With this query you would get the row where the zone matches the t.pulocationid and the row where the zone matches the t.dolocationid. I.e. you would get two result rows per trip, one with the pickup zone, one with the drop off zone.
But you want one result row per trip with both zones in that same result row.

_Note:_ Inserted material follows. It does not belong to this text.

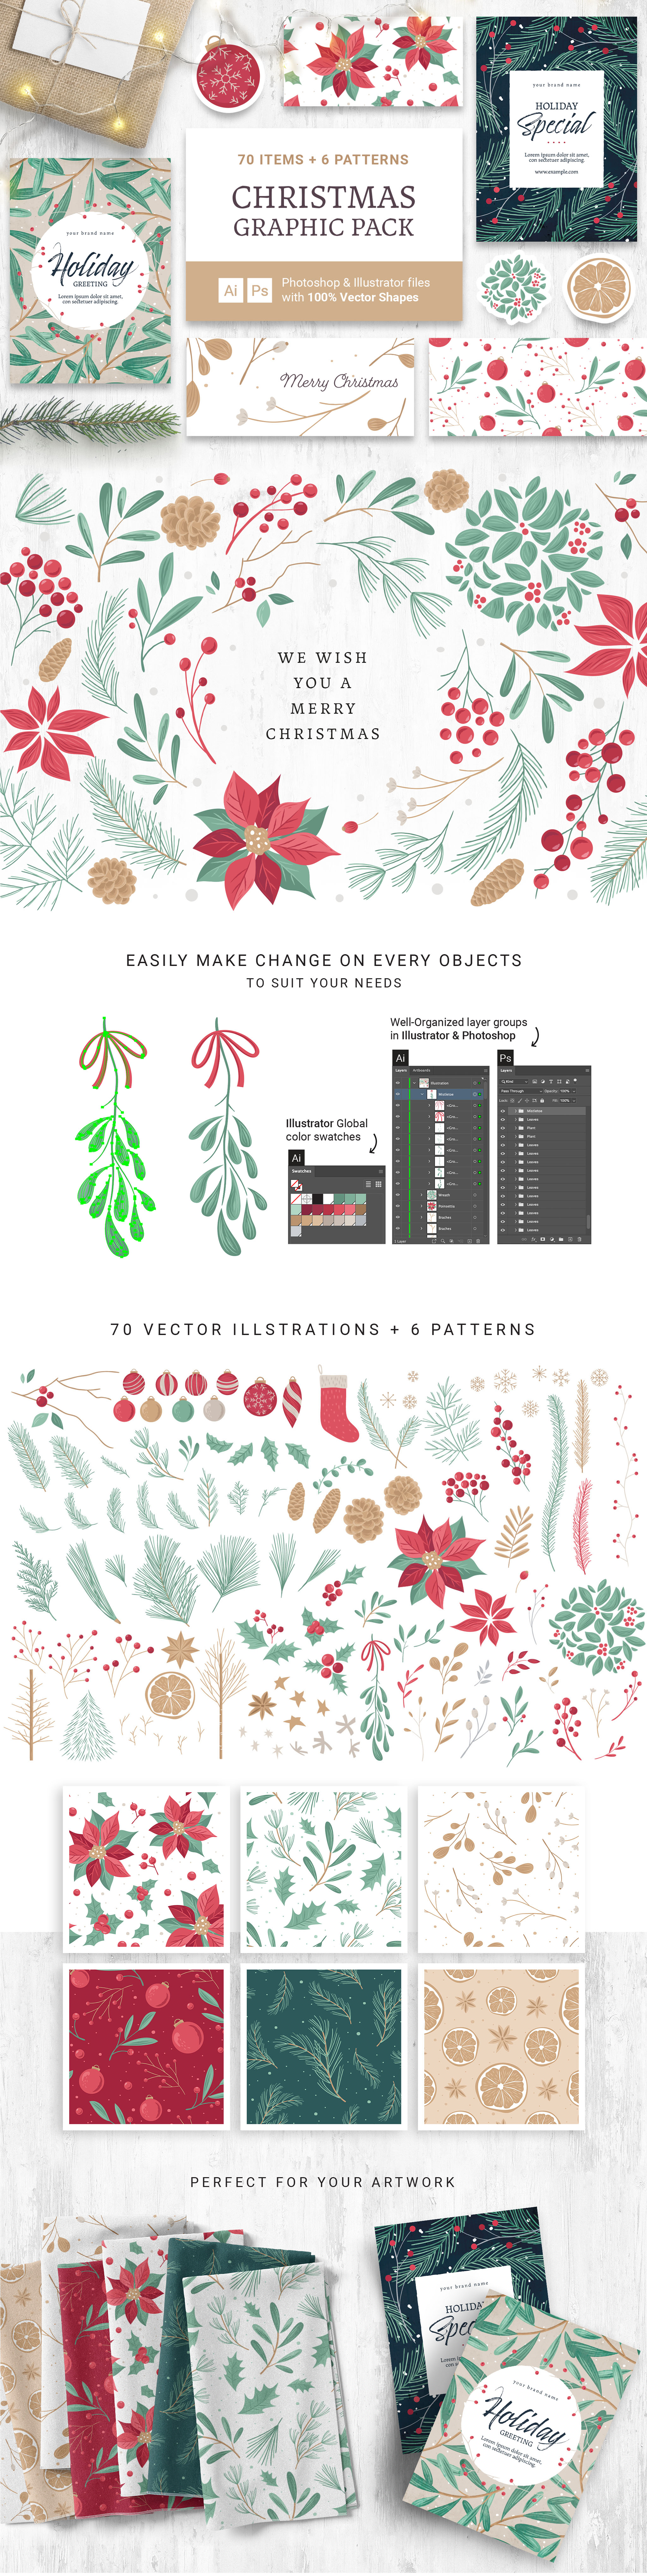 Festive Christmas Graphics Pack (for Photoshop & Illustrator)
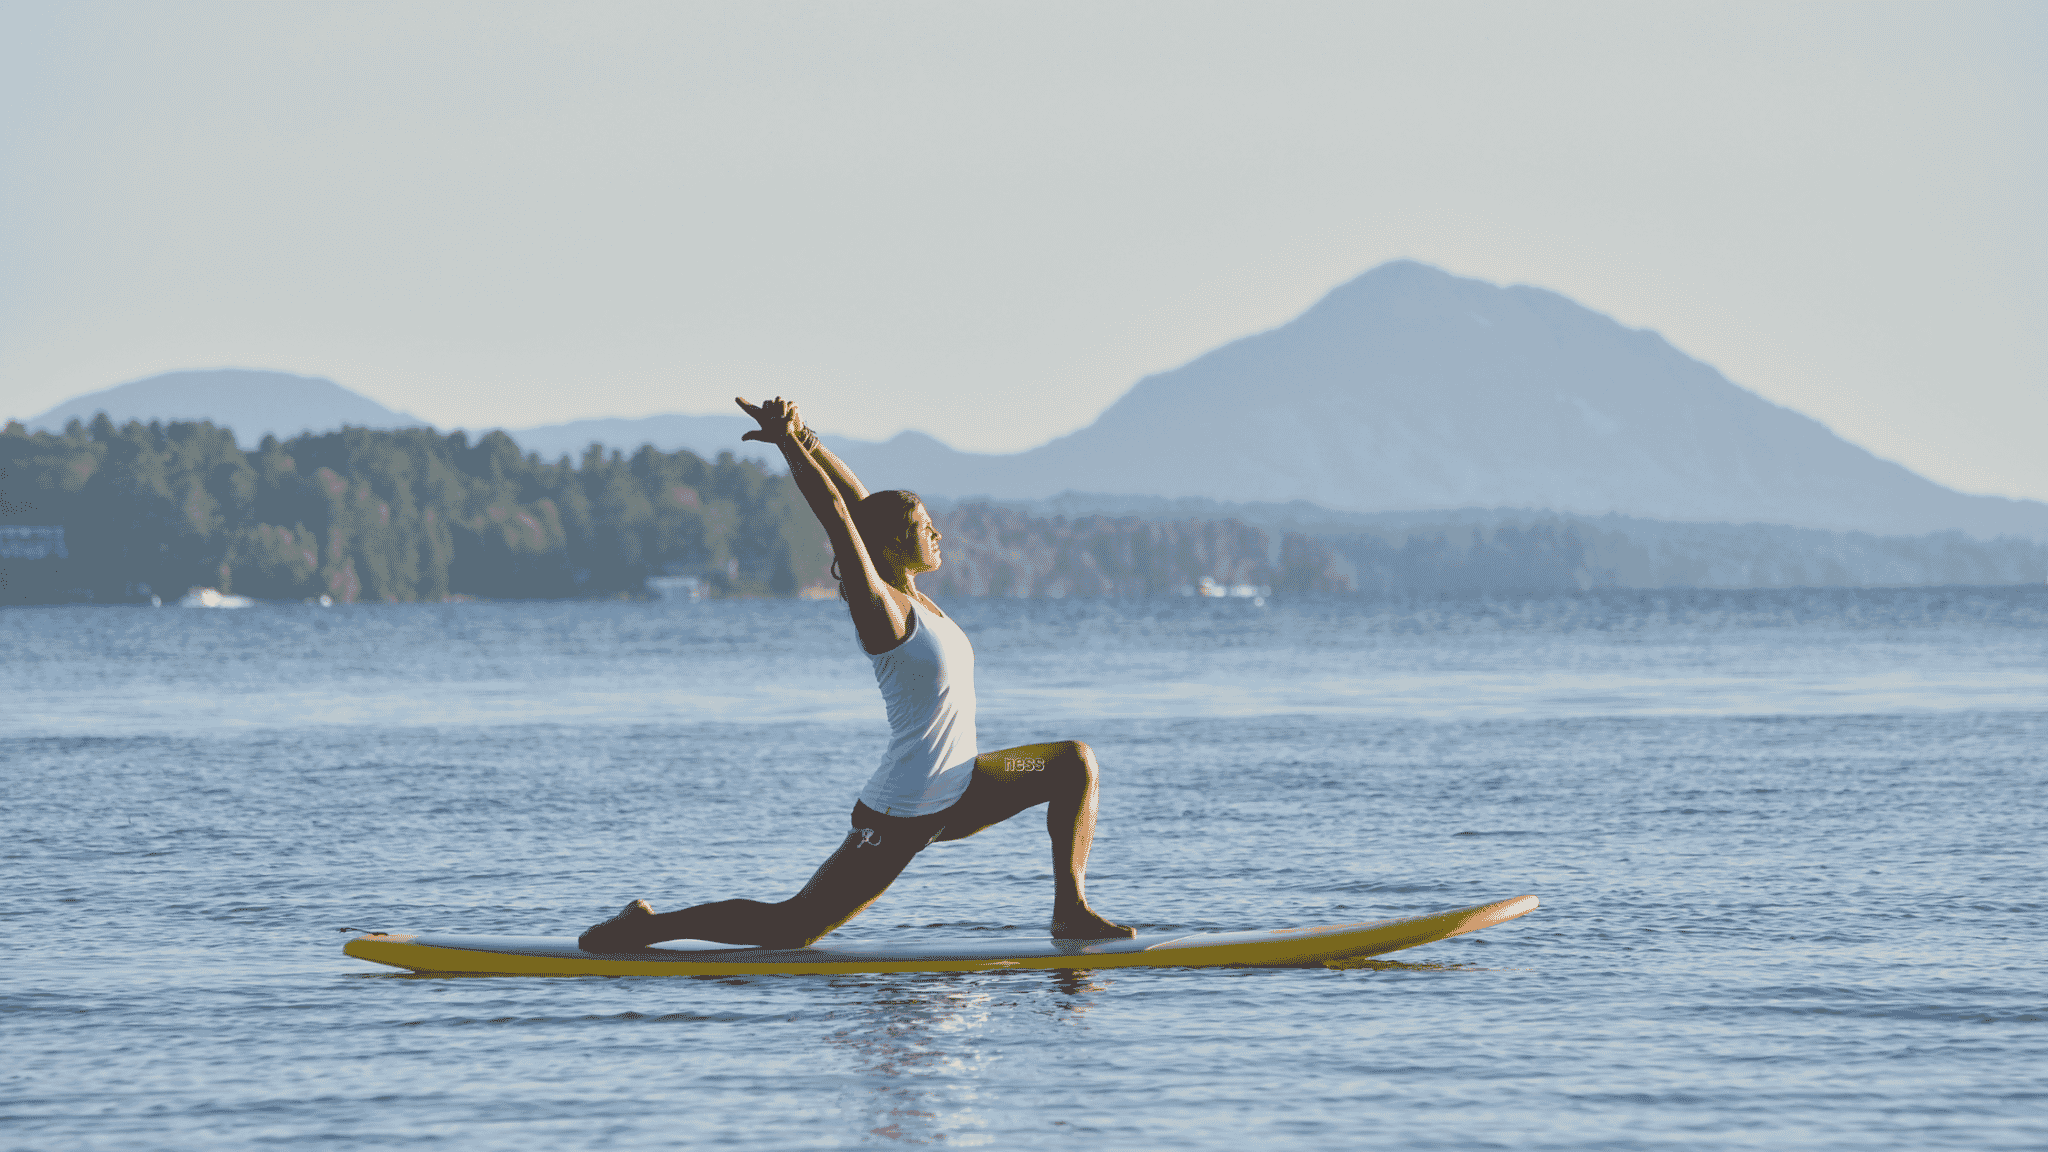 warrior yoga position on paddleboard

Explicit joins make this more readable:
select
tpep_pickup_datetime,
tpep_dropoff_datetime,
total_amount,
CONCAT(zpu."Borough", ' / ', zpu."Zone") AS "pick_up_loc",
CONCAT(zdo."Borough", ' / ', zpu."Zone") AS "drop_off_loc"
from trips t
inner join zones zpu on zpu."LocationID" = t."PULocationID"
inner join zones zdo on zdo."LocationID" = t."DOLocationID";
This does exactly the same thing as your query, but it is easier to read. Take a trip, join the pickup location row, join the drop off location row.